**WHAT IS NEEDED:**
Transcribe all of the data exactly. Omit the pictures.

**RECORDED INFORMATION:**
※ ※ ※
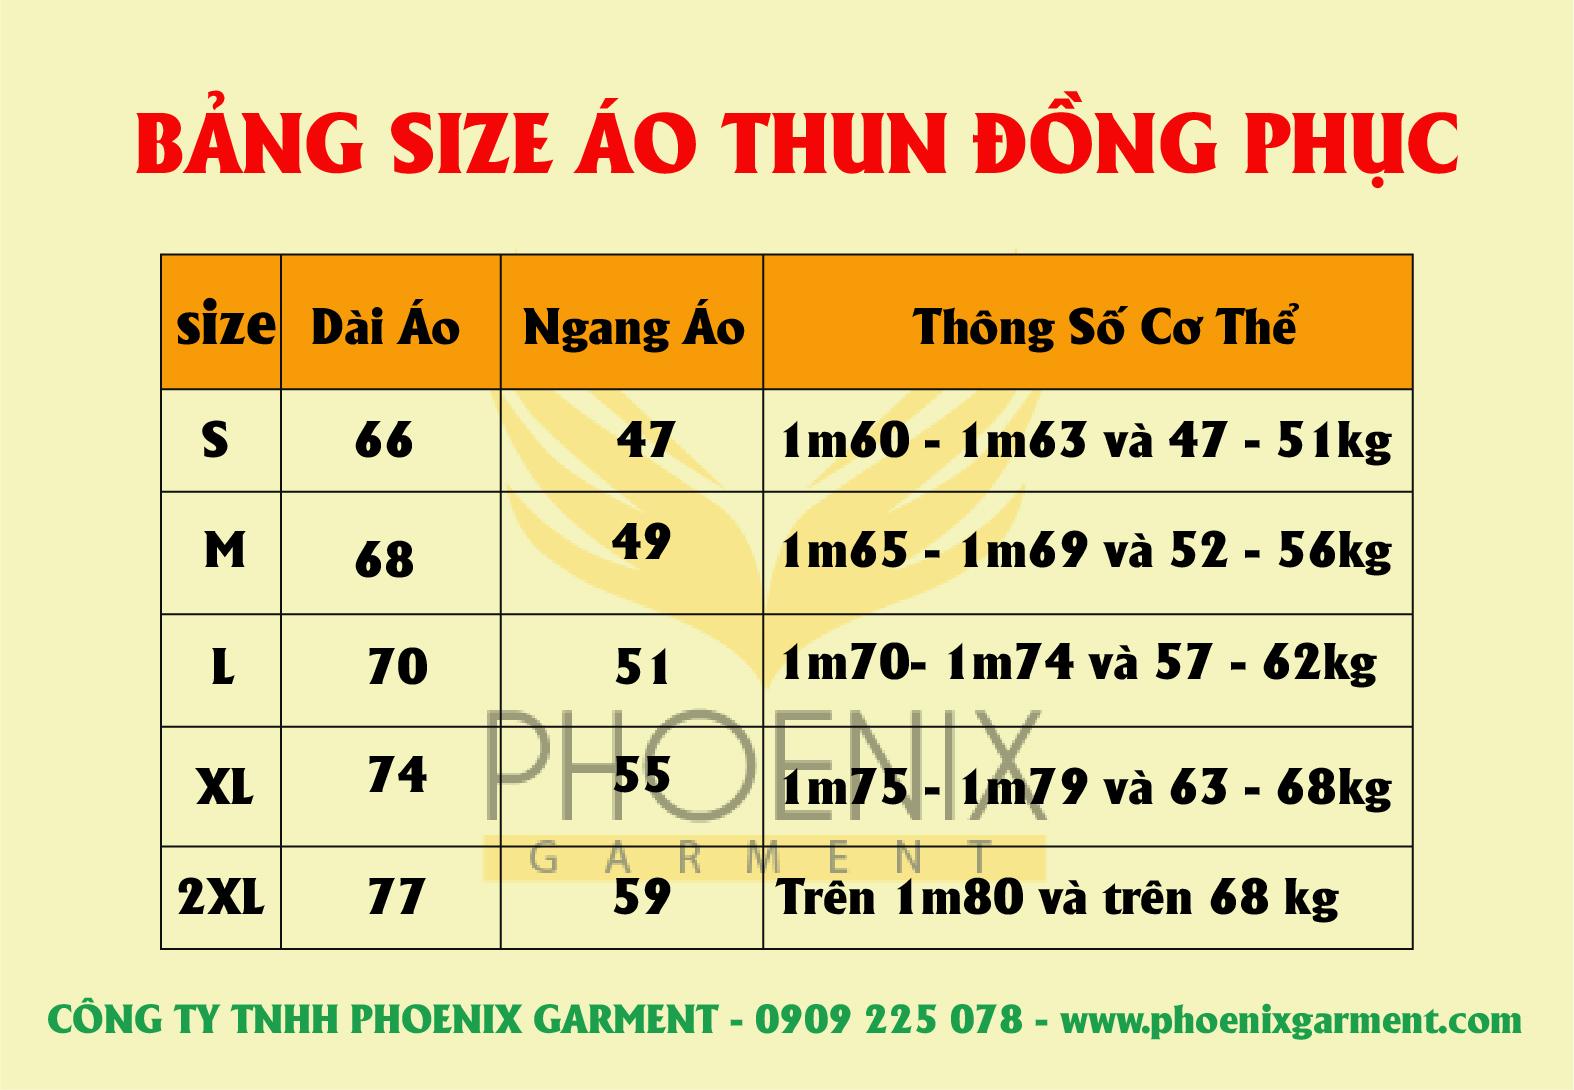 bang-size áo thun phoenix
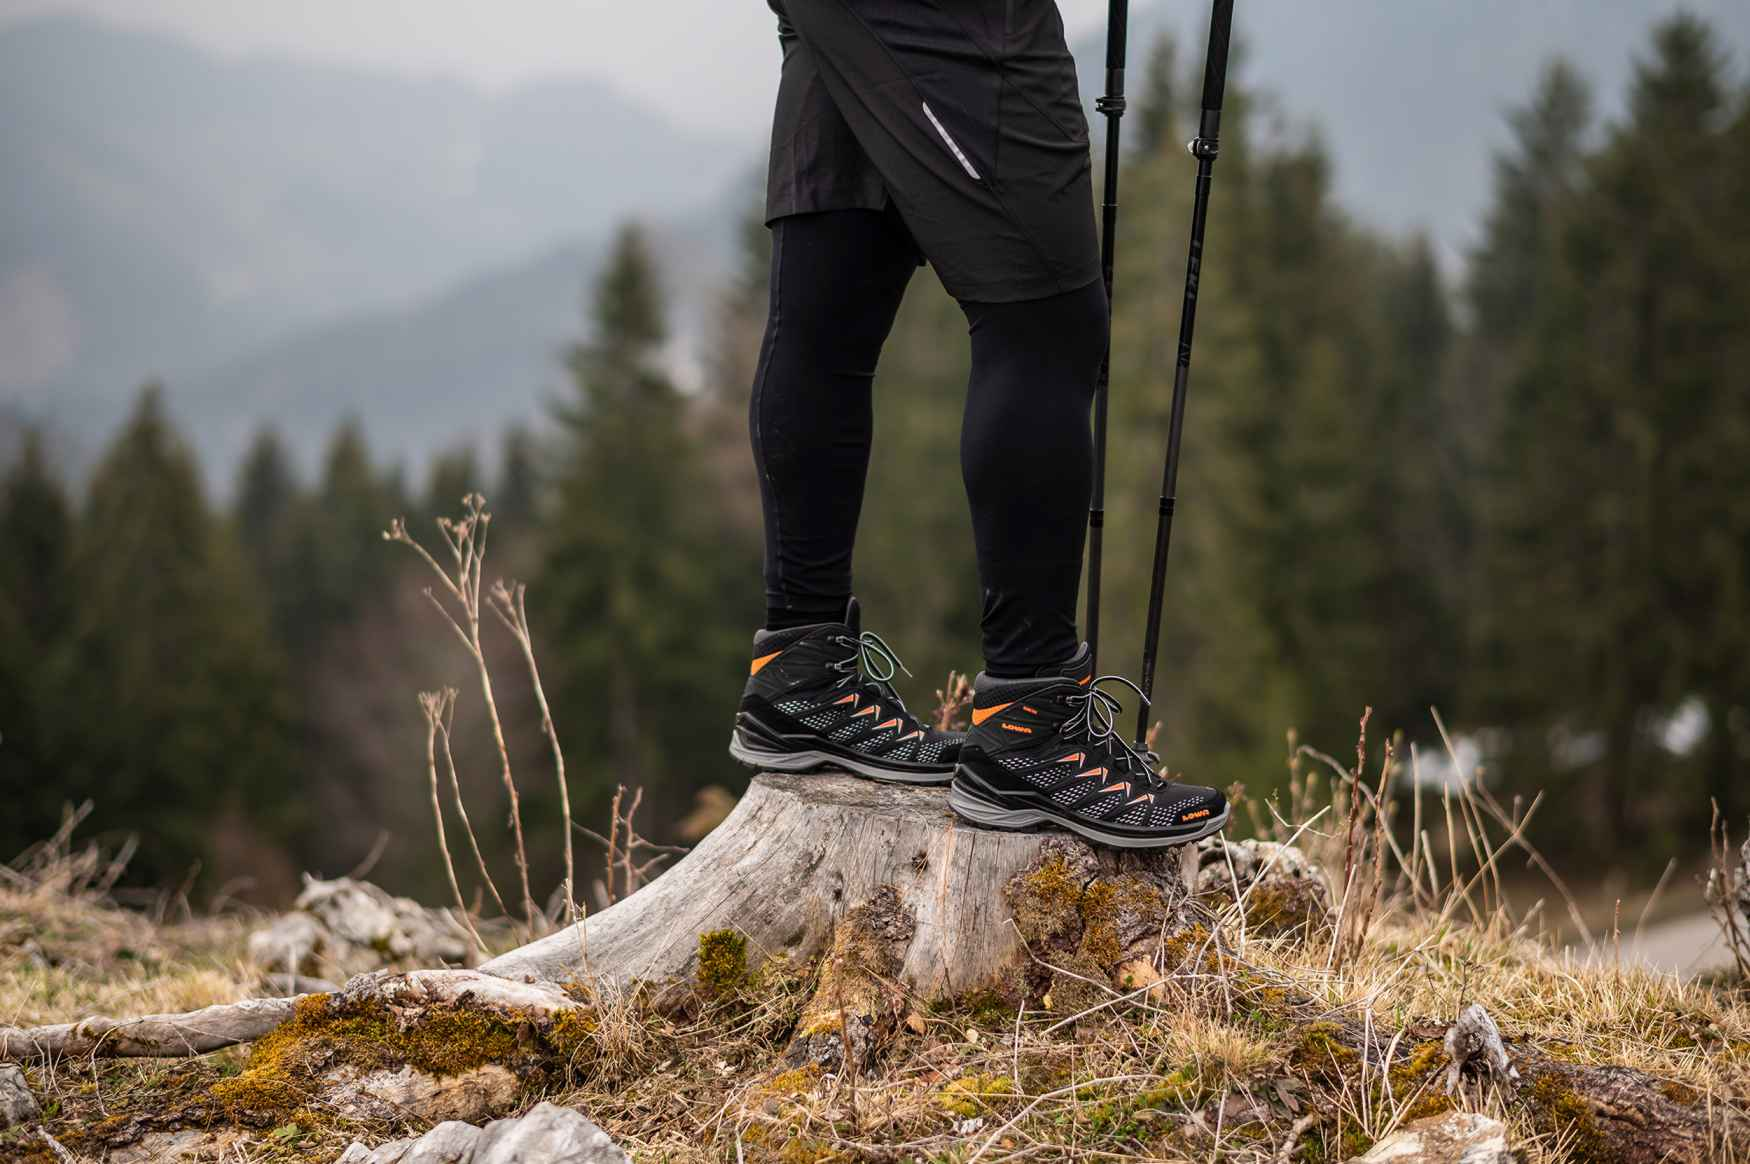 Vielseitig und leicht – der SIRKOS EVO GTX MID punktet durch zahlreiche funktionale Details. Für besten Komfort sorgt die hochgezogene LOWA-MONOWRAP®-Sohlenkonstruktion, die mit dem Schaft eine feste Einheit bildet. Damit ist der Schuh für zahlreiche Outdoor-Abenteuer bestens gerüstet.
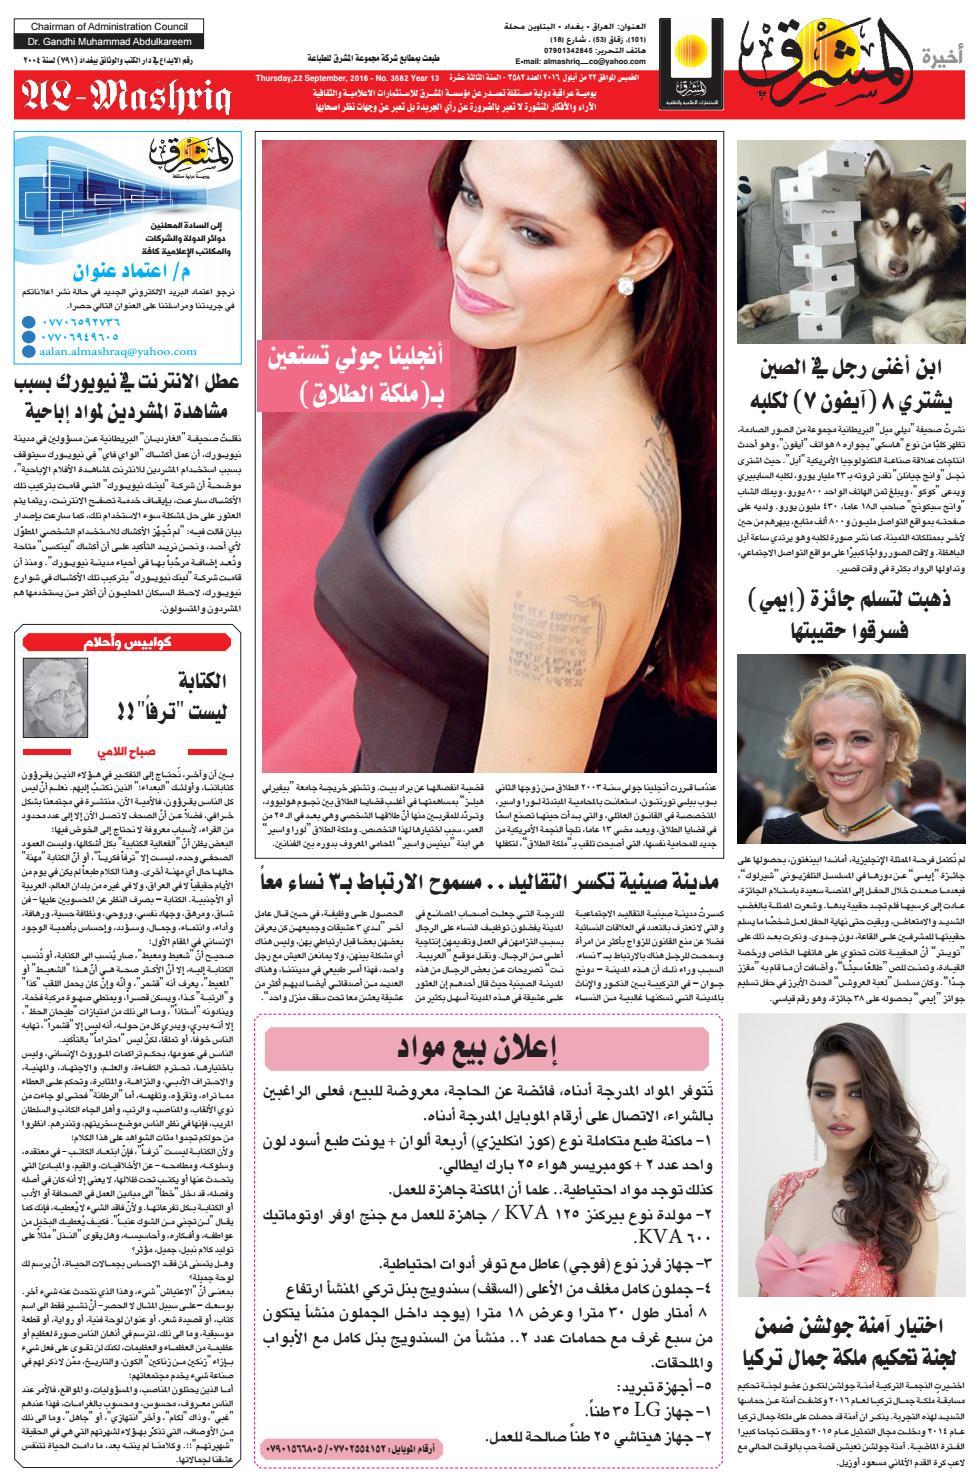 c9a587e72 3582 AlmashriqNews by Al Mashriq Newspaper - issuu
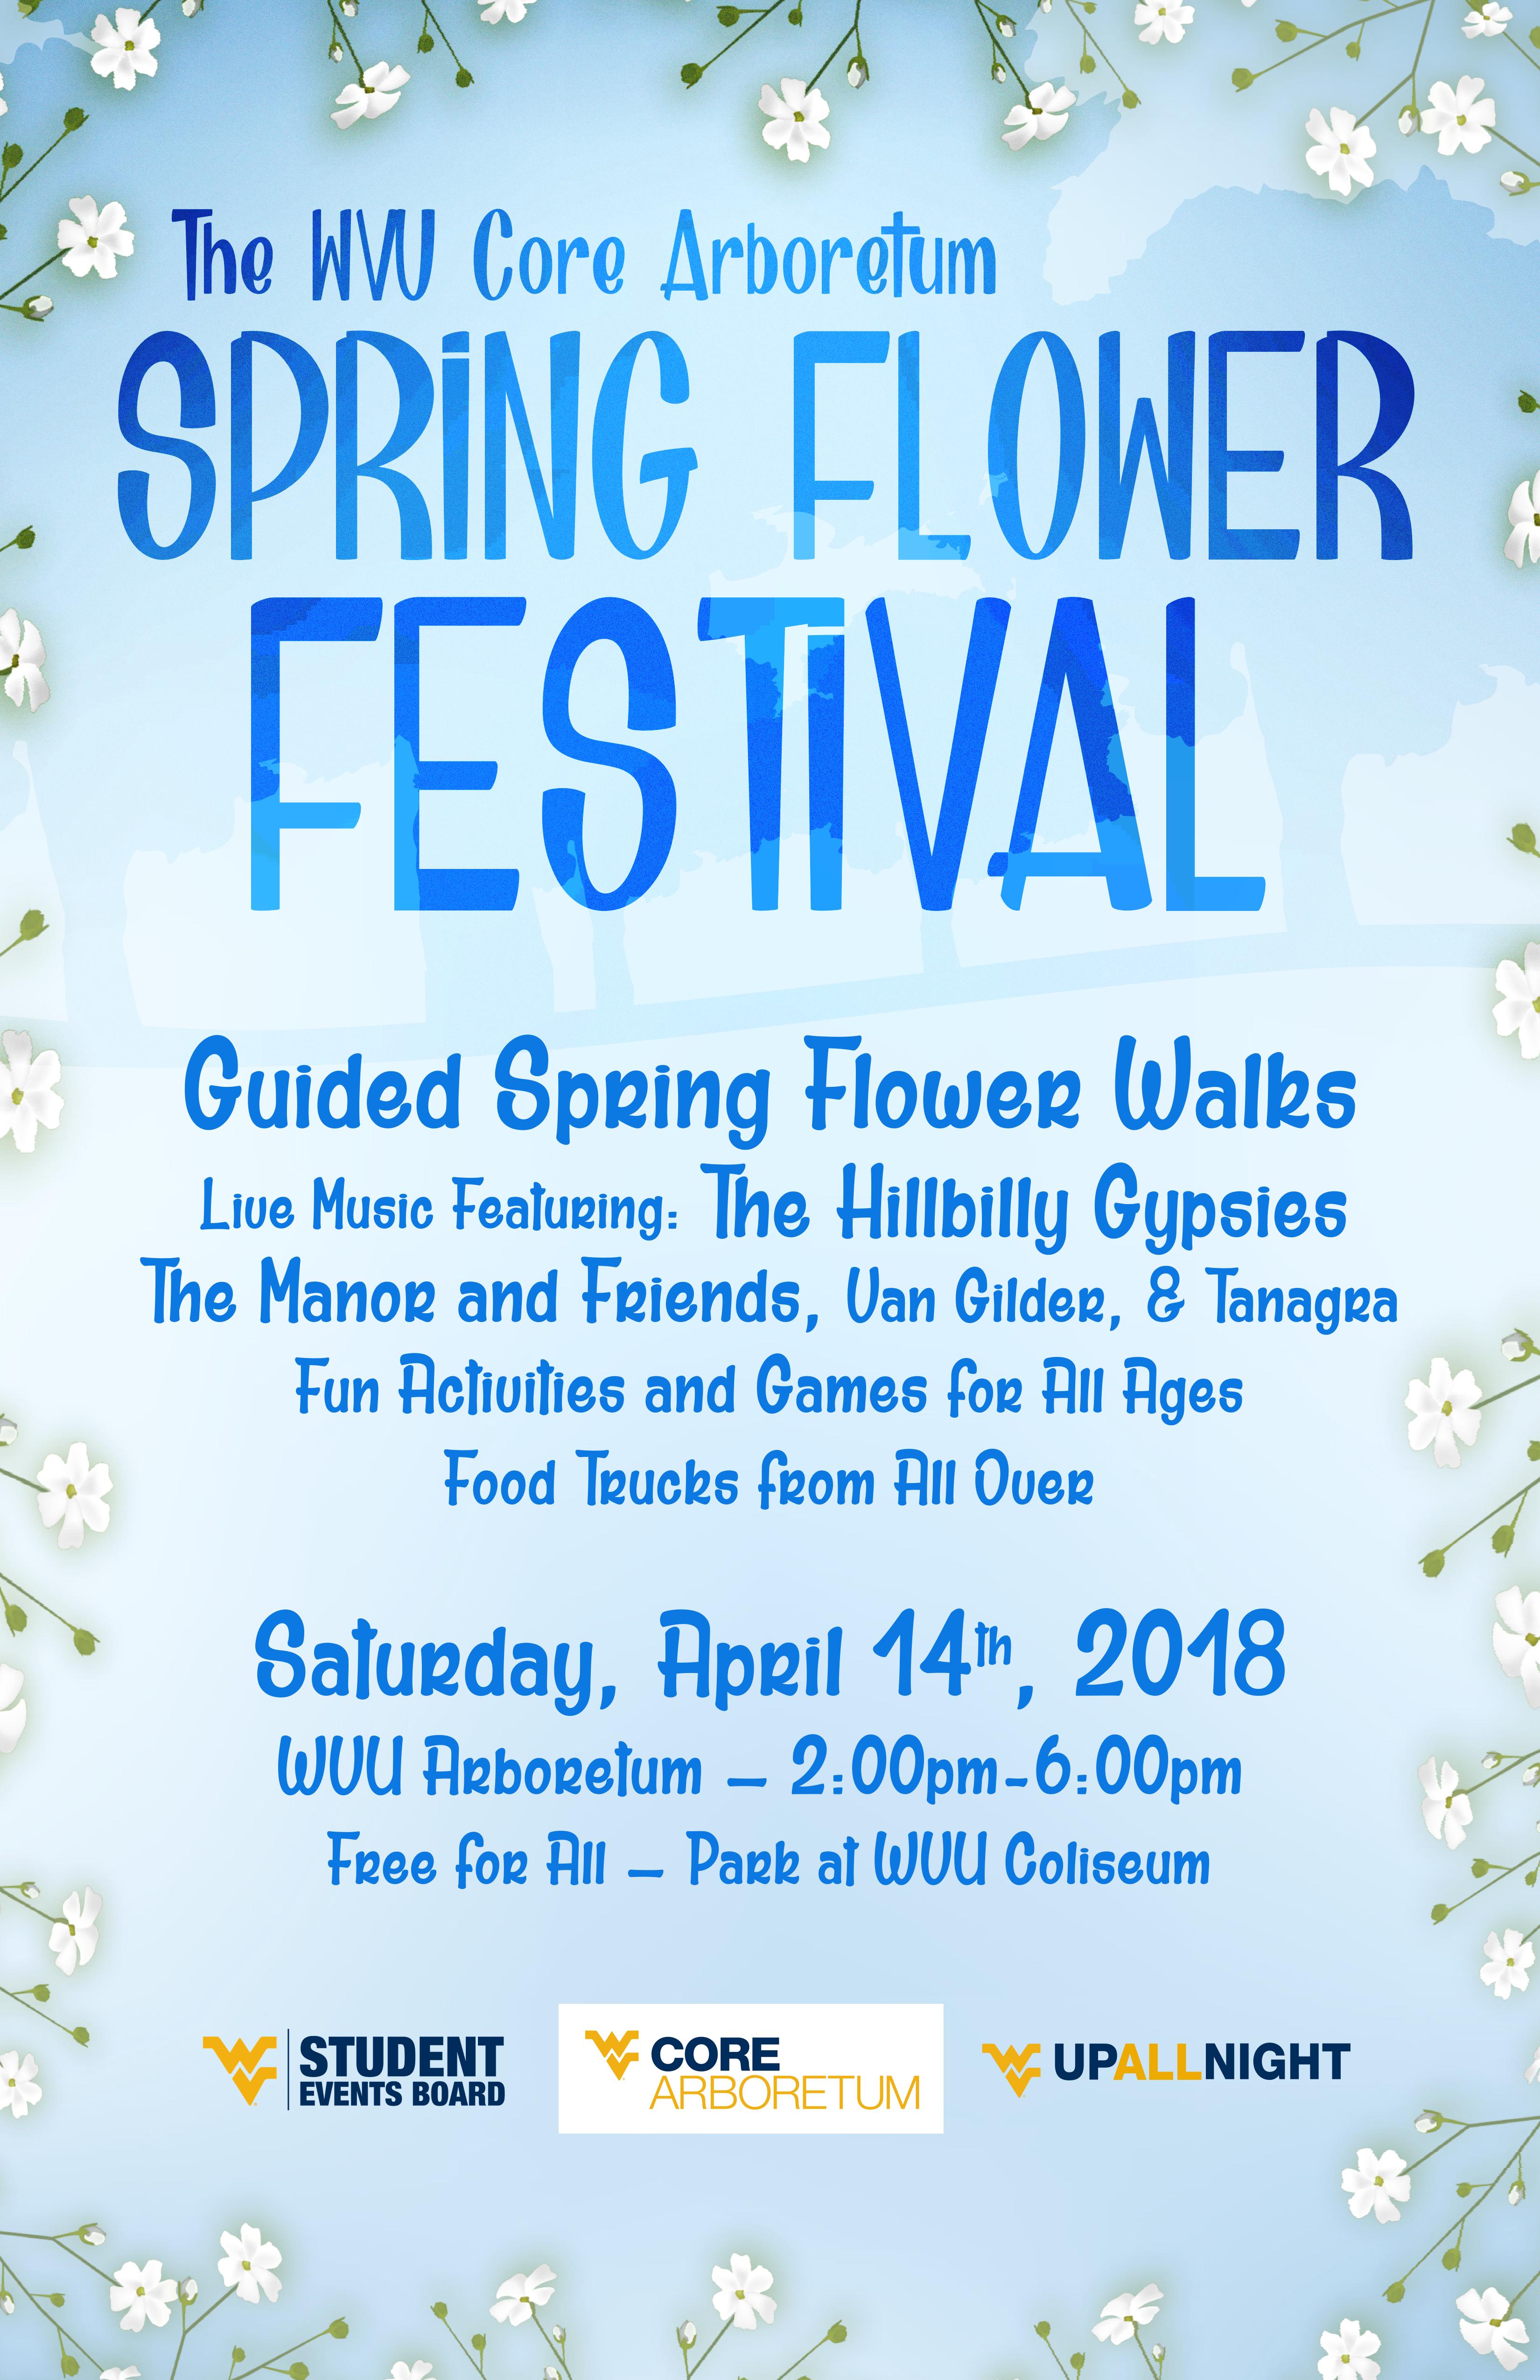 Spring Flower Festival Core Arboretum West Virginia University
※ ※ ※
**RESPONSE:**
 bang-size áo thun phoenix
 Vielseitig und leicht – der SIRKOS EVO GTX MID punktet durch zahlreiche funktionale Details. Für besten Komfort sorgt die hochgezogene LOWA-MONOWRAP®-Sohlenkonstruktion, die mit dem Schaft eine feste Einheit bildet. Damit ist der Schuh für zahlreiche Outdoor-Abenteuer bestens gerüstet.
 c9a587e72 3582 AlmashriqNews by Al Mashriq Newspaper - issuu
 Spring Flower Festival Core Arboretum West Virginia University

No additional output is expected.